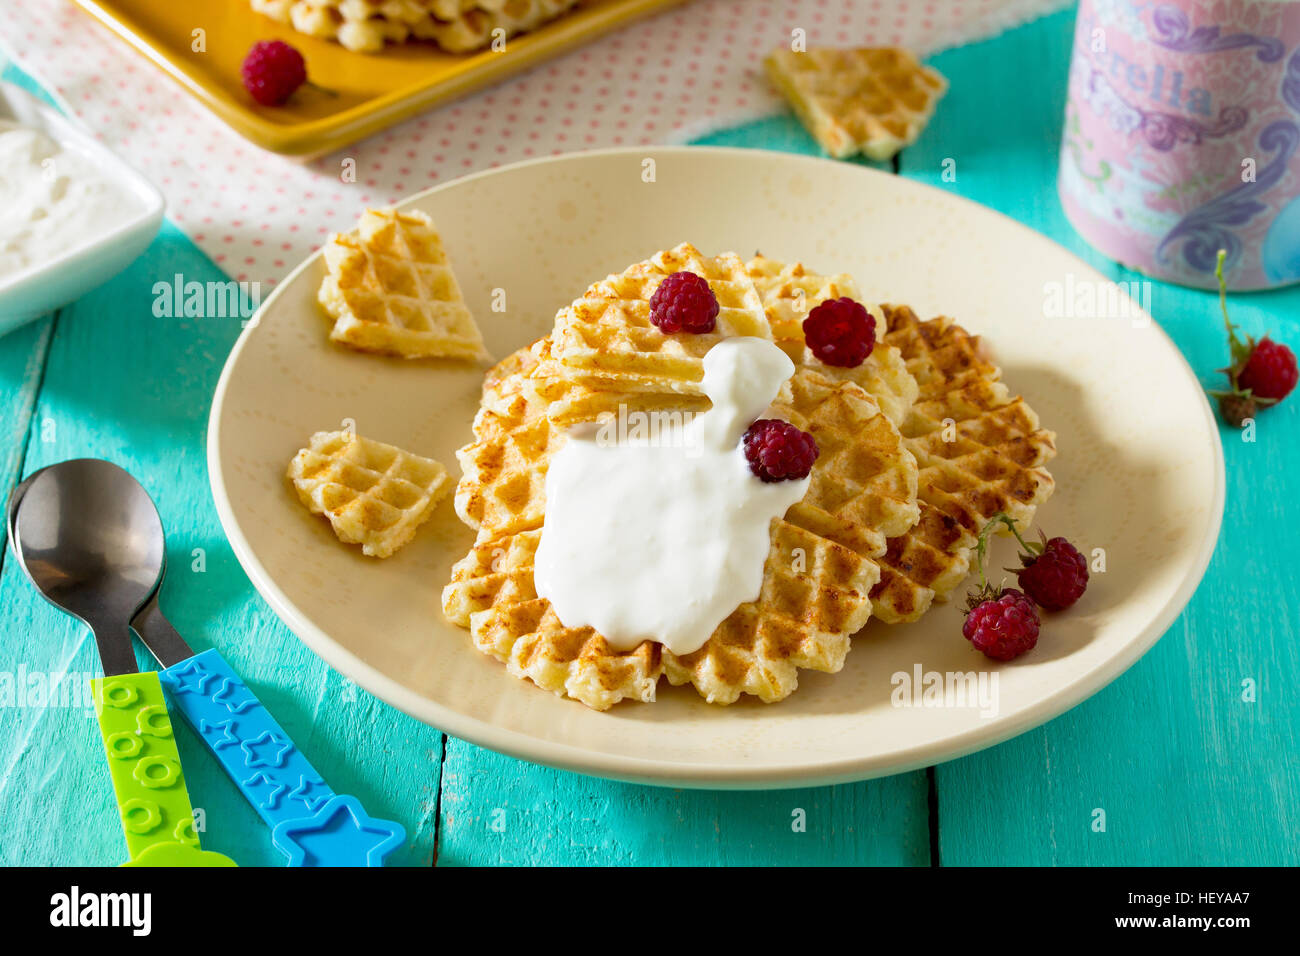 Dinner Or Lunch For Children Cakes And Fruit Waffles With
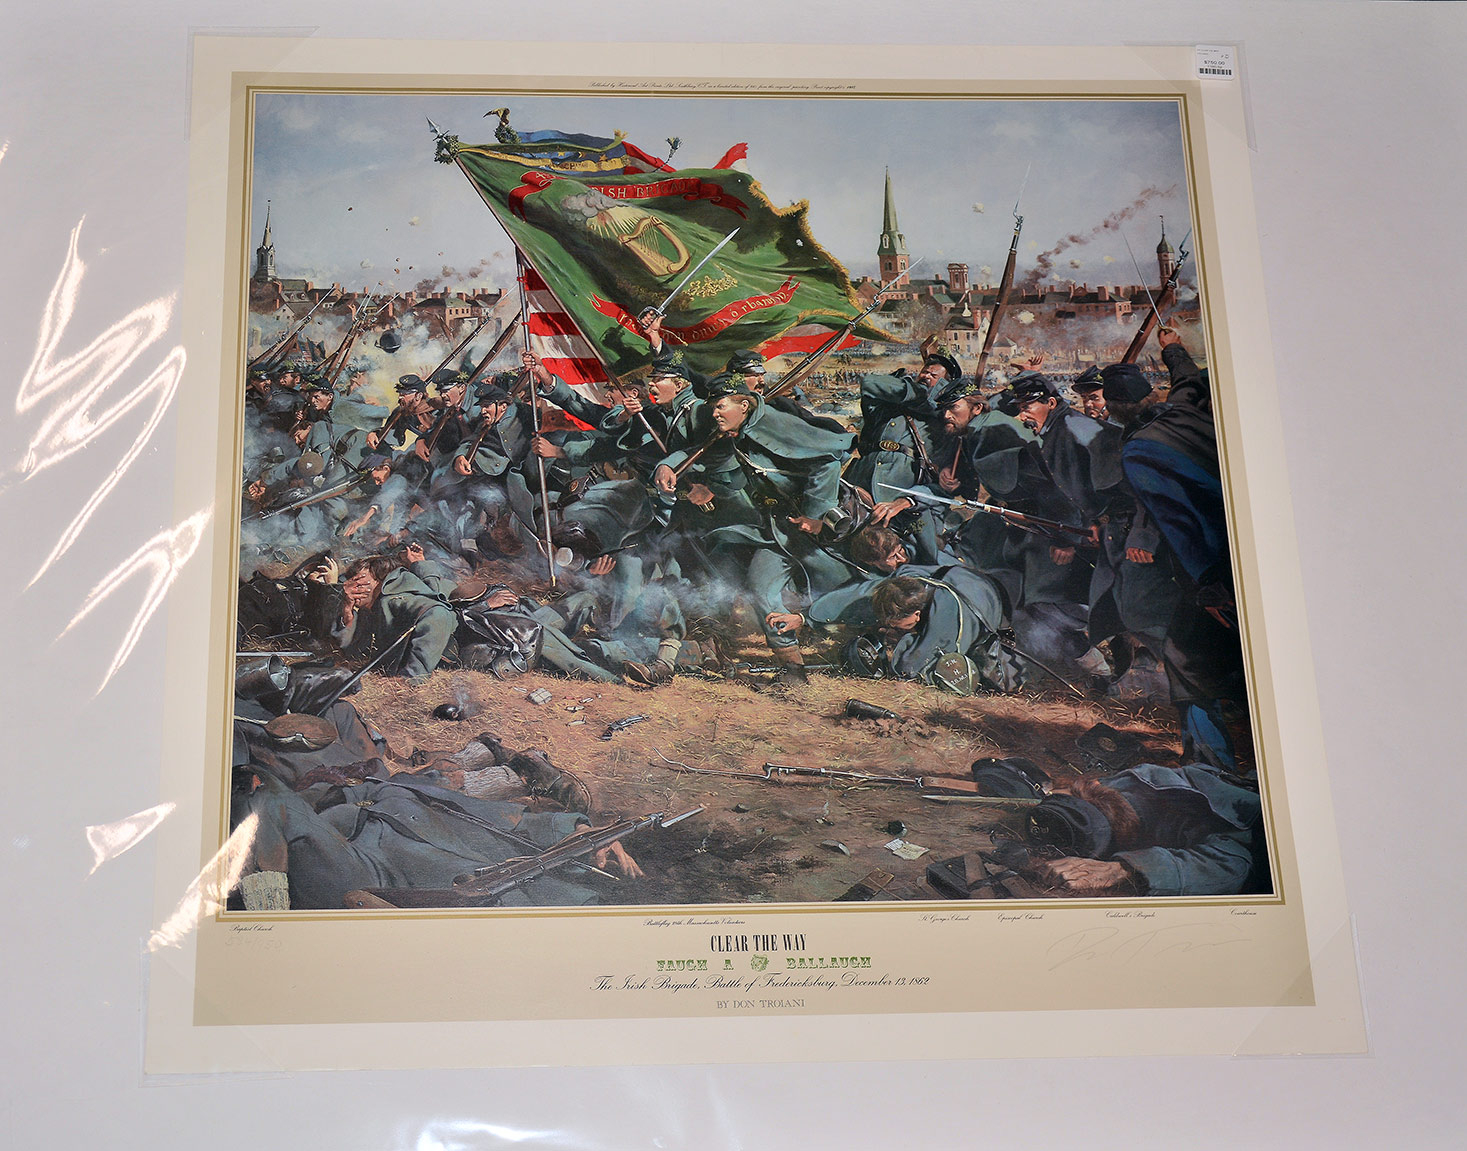 MUCH SOUGHT AFTER DON TROIANI IRISH BRIGADE PRINT “CLEAR THE WAY”
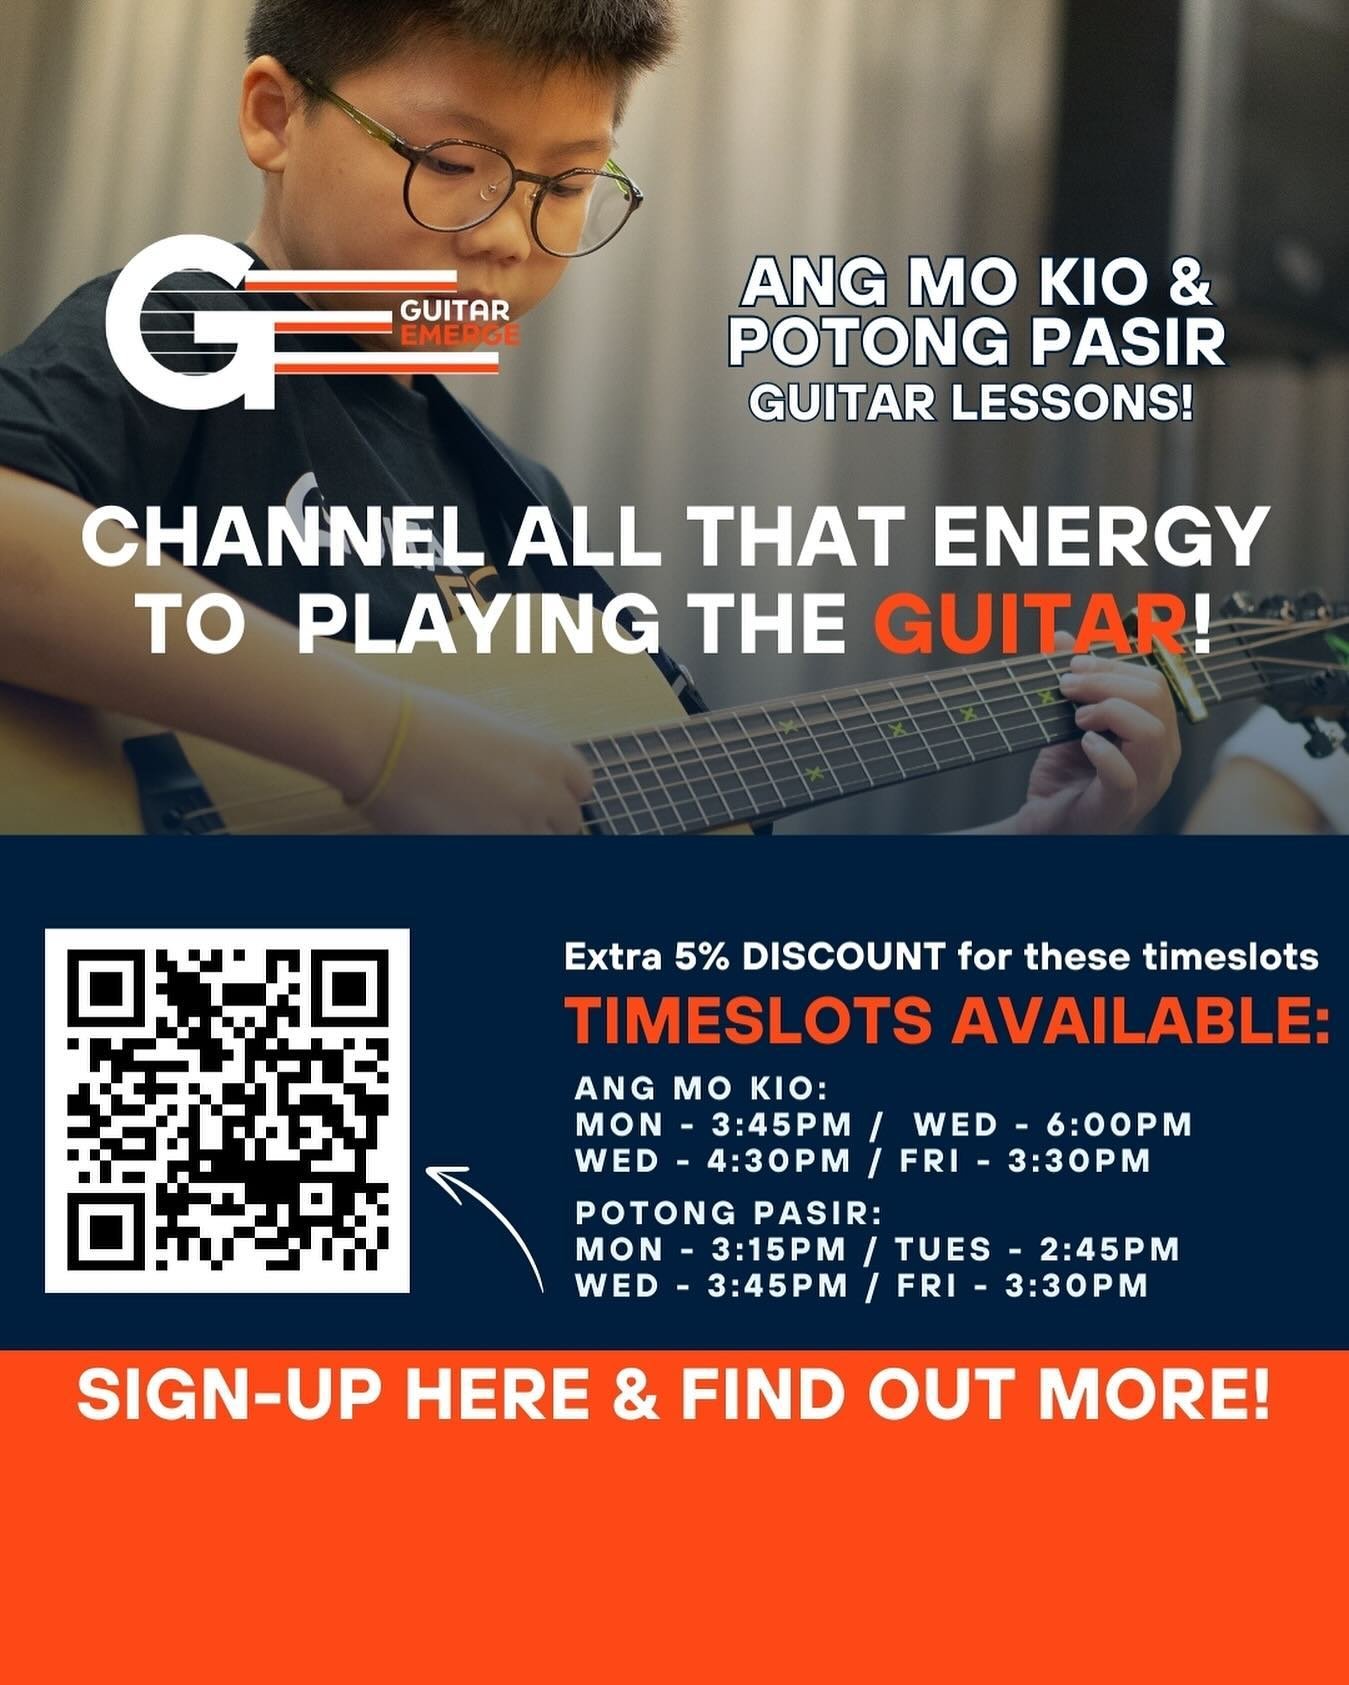 Looking for an avenue to help explore your child&rsquo;s/ your interests? Try Guitar Lessons with us! We are looking for students who are totally new to the guitar! We are running a special promo of FREE GUITAR for new sign-ups! Our lessons are 1 TO 
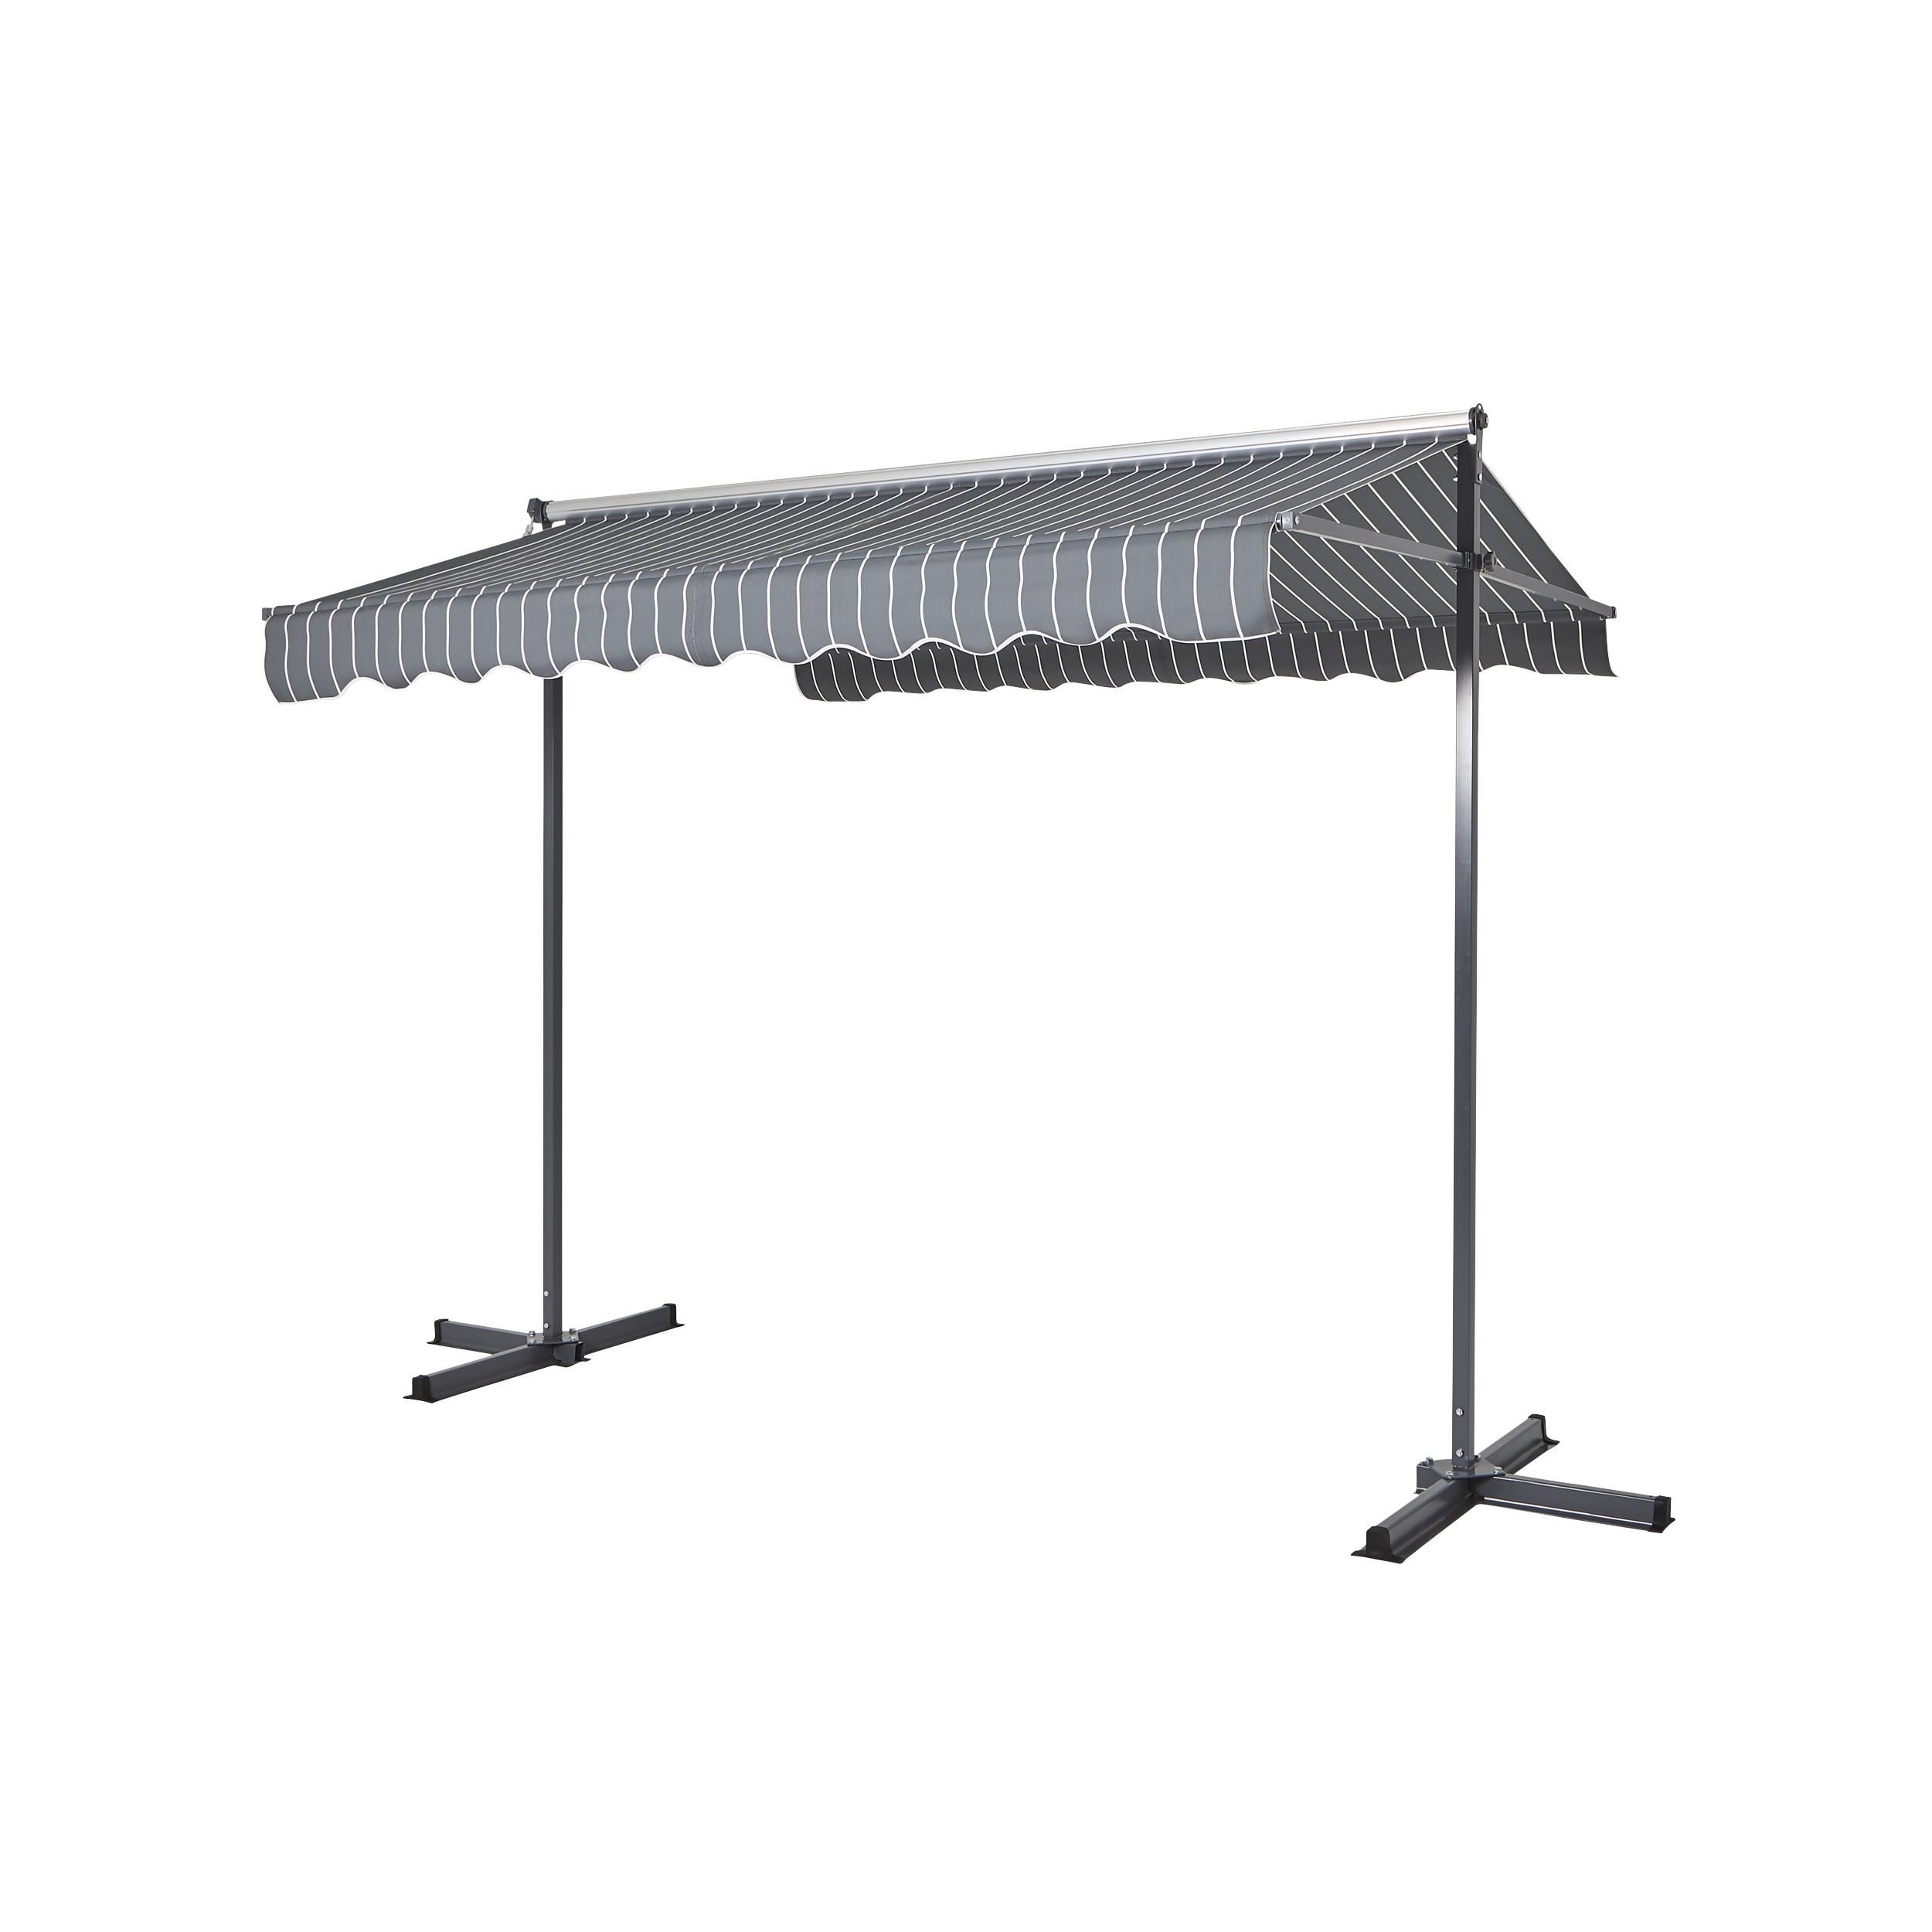 Blooma Dark Grey & White Retractable Awning, (L)3.95M (W)3M

▸ Work item: Pictures aside, repeat exactly every line from the top of the listing above through the line bearing "MUCH SOUGHT AFTER", inclusive.

▸ Response area:
 Dinner Or Lunch For Children Cakes And Fruit Waffles With
 MUCH SOUGHT AFTER DON TROIANI IRISH BRIGADE PRINT “CLEAR THE WAY”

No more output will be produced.